Em contra-luz, Murilo entreviu uma figura familiar à porta do telesalão, vagamente Carlota, a consorte, bolseira em Paris, inexplicavelmente ali, ele nos braços da Sharon a caminho do hospital, sem tempo para explicar, Carlota a desfocar-se agitada, mãos de repente sacudidas por um estampido rubro.
In O caçador de luas, págs. 106, 107, Augusto Baptista, edições gatopardo
terça-feira, 1 de junho de 2010
Dos tempos
Os dias que correm produzem gente esquisita, pensa o homem que sábado bem cedo demanda transporte para a terra, olho no casal de idosos: ele, óculos escuros, destes de feira, que de tão grandes o aparentam a um moscardo negro; ela, andar acocorado nuns sapatos muito altos, esquelética saia curta, a mostrar o umbigo tatuado, a cueca.

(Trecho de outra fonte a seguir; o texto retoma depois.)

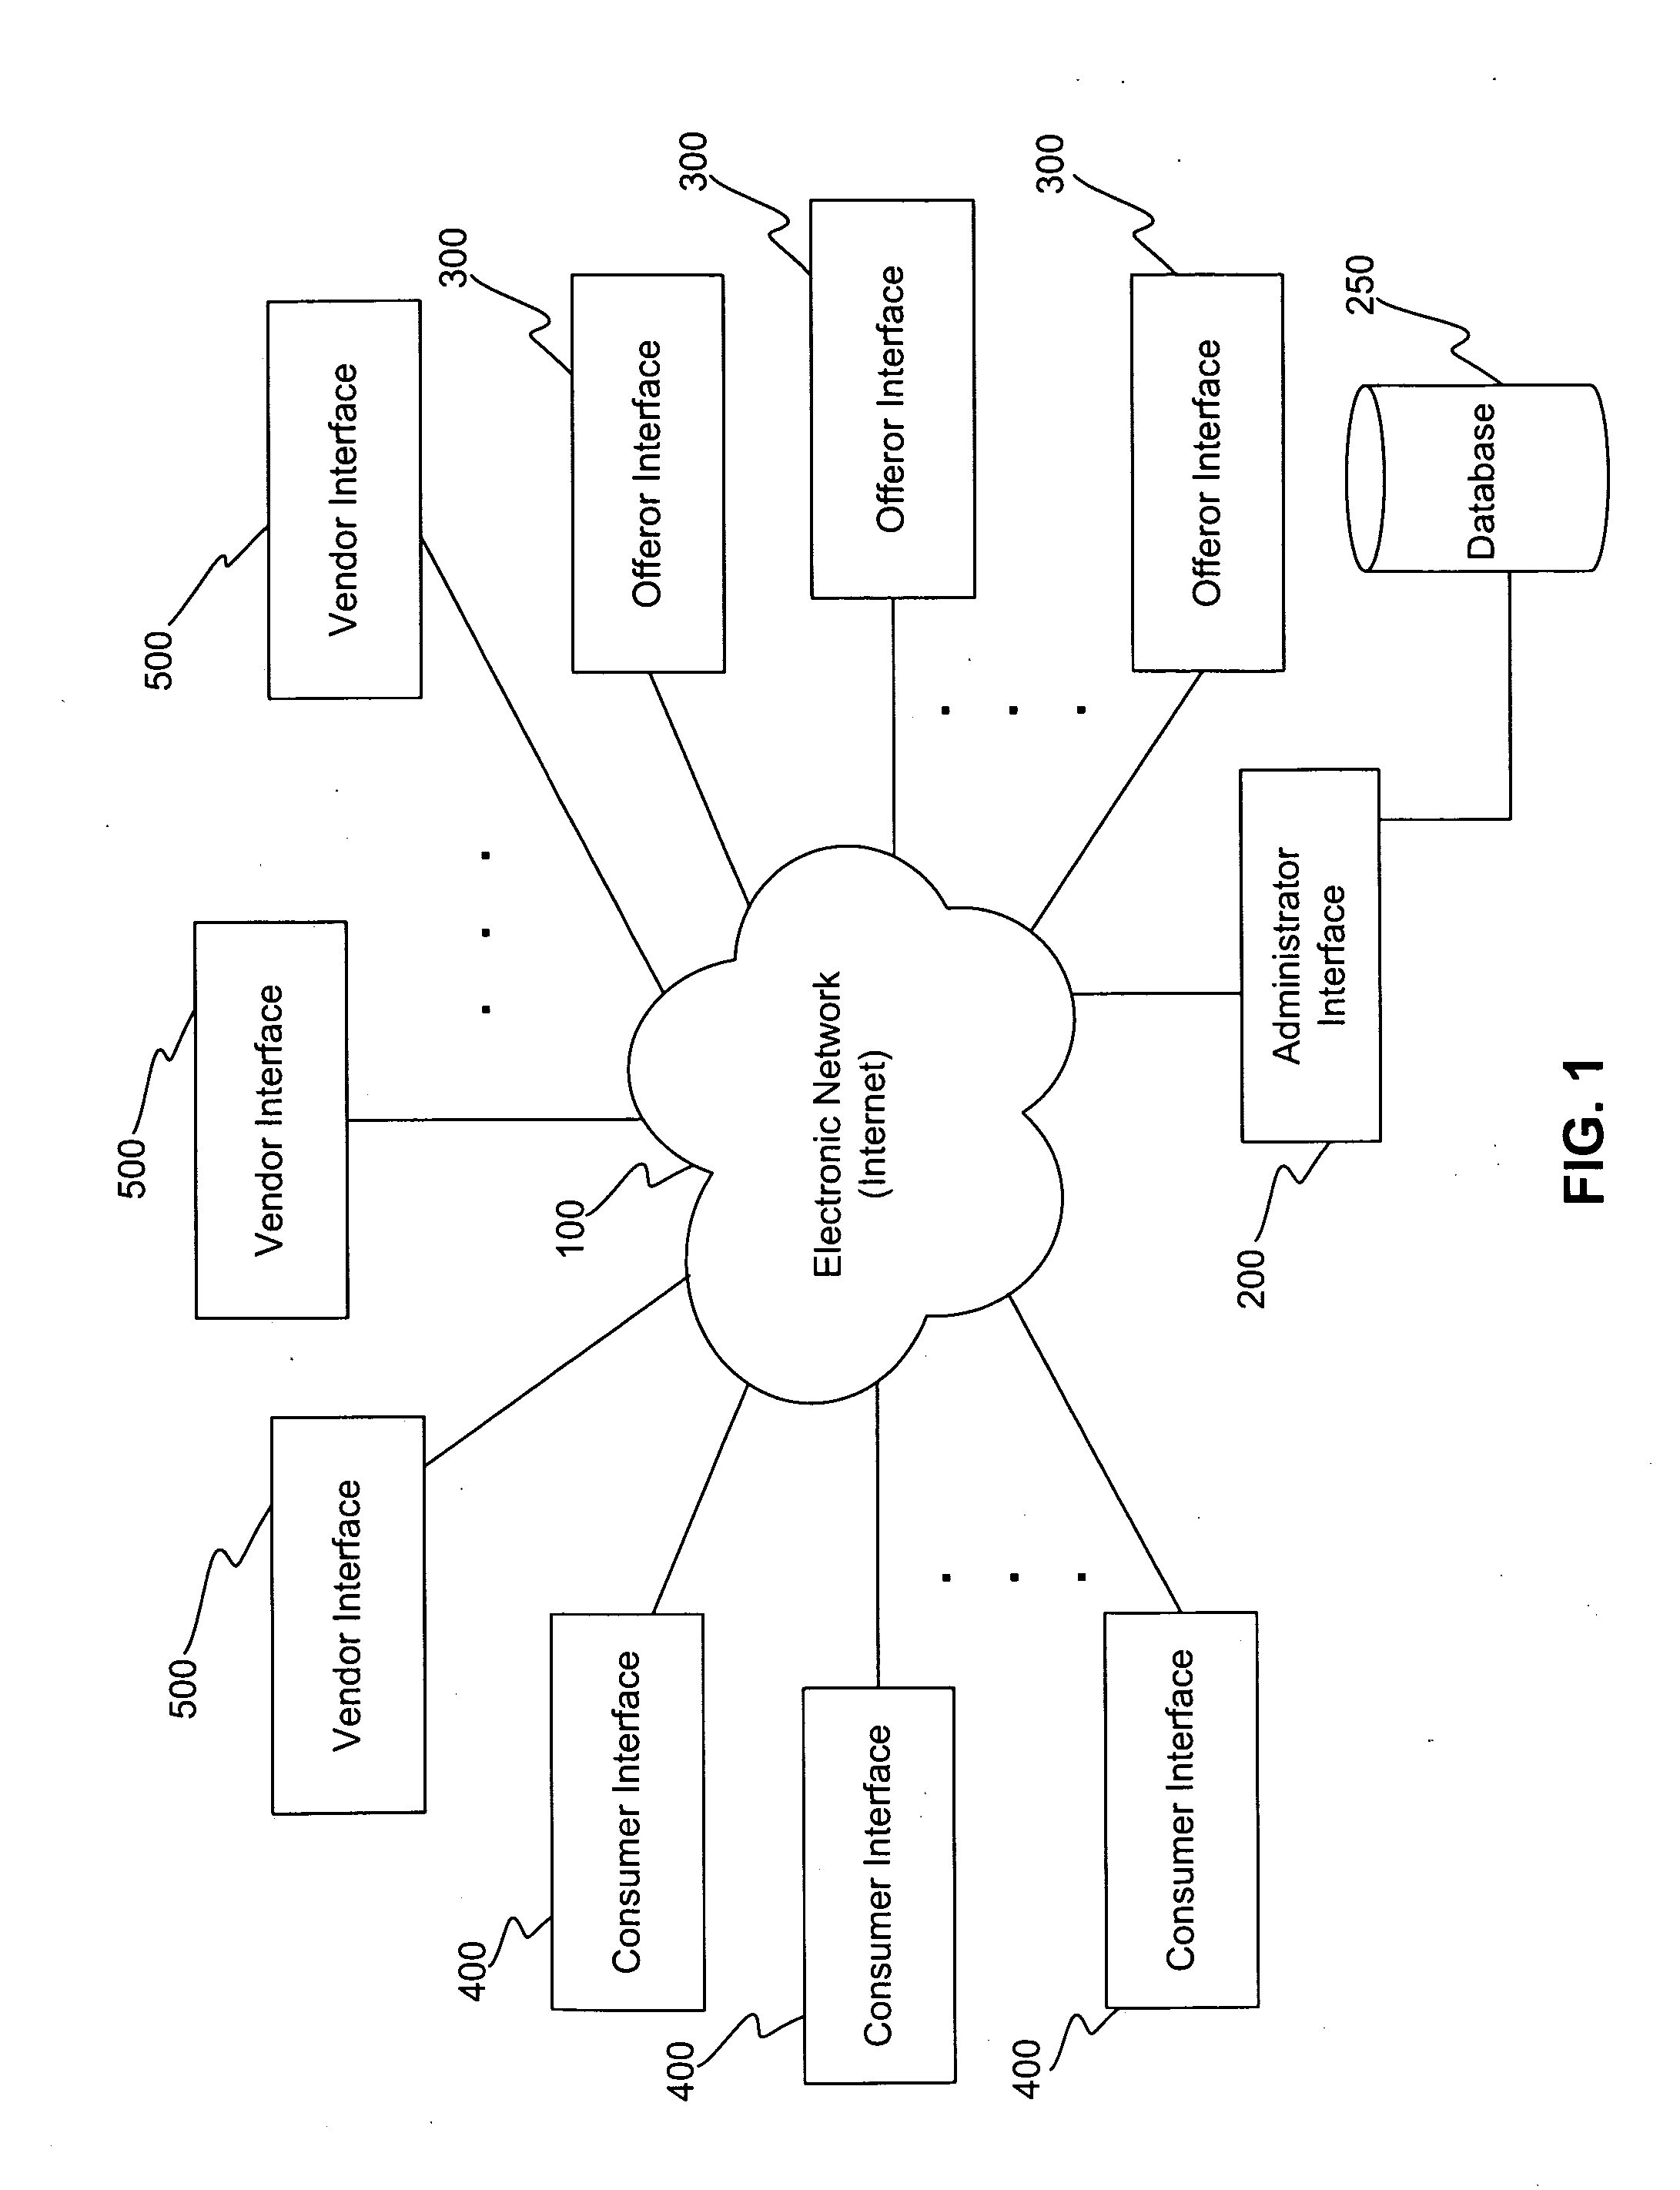 Methods and systems for generating product offers over electronic network systems

De repente, dobra a esquina um fulano de fato claro e chapéu, magrote, já na casa dos setenta. As mãos para a frente sugerem segurar rédea forte, ele montado em fogoso corcel invisível, insubmisso, tais e tantas as piruetas, cabriolas e volteios desenhados no passeio.
Mais à frente, na entrada do Teatro Nacional, um fulano dorme num colchão de bebé: pés no fofo, a cabeça sobre a pedra. Outro ressona, sentado, caixote de cartão encarapuçado até à cintura. E um cachorro muito preto, enroscado no frio, na magreza, olha guloso a gaivota madrugadora que devora uma pomba, quente ainda.
– Uma desgraça, a Batalha – observa, a caminho da camioneta para a feira dos 4, a mulher gorda, de muletas. Atrás, nada diz a acompanhante, cabeça enterrada num fardo de bugigangas. A mascar chiclets.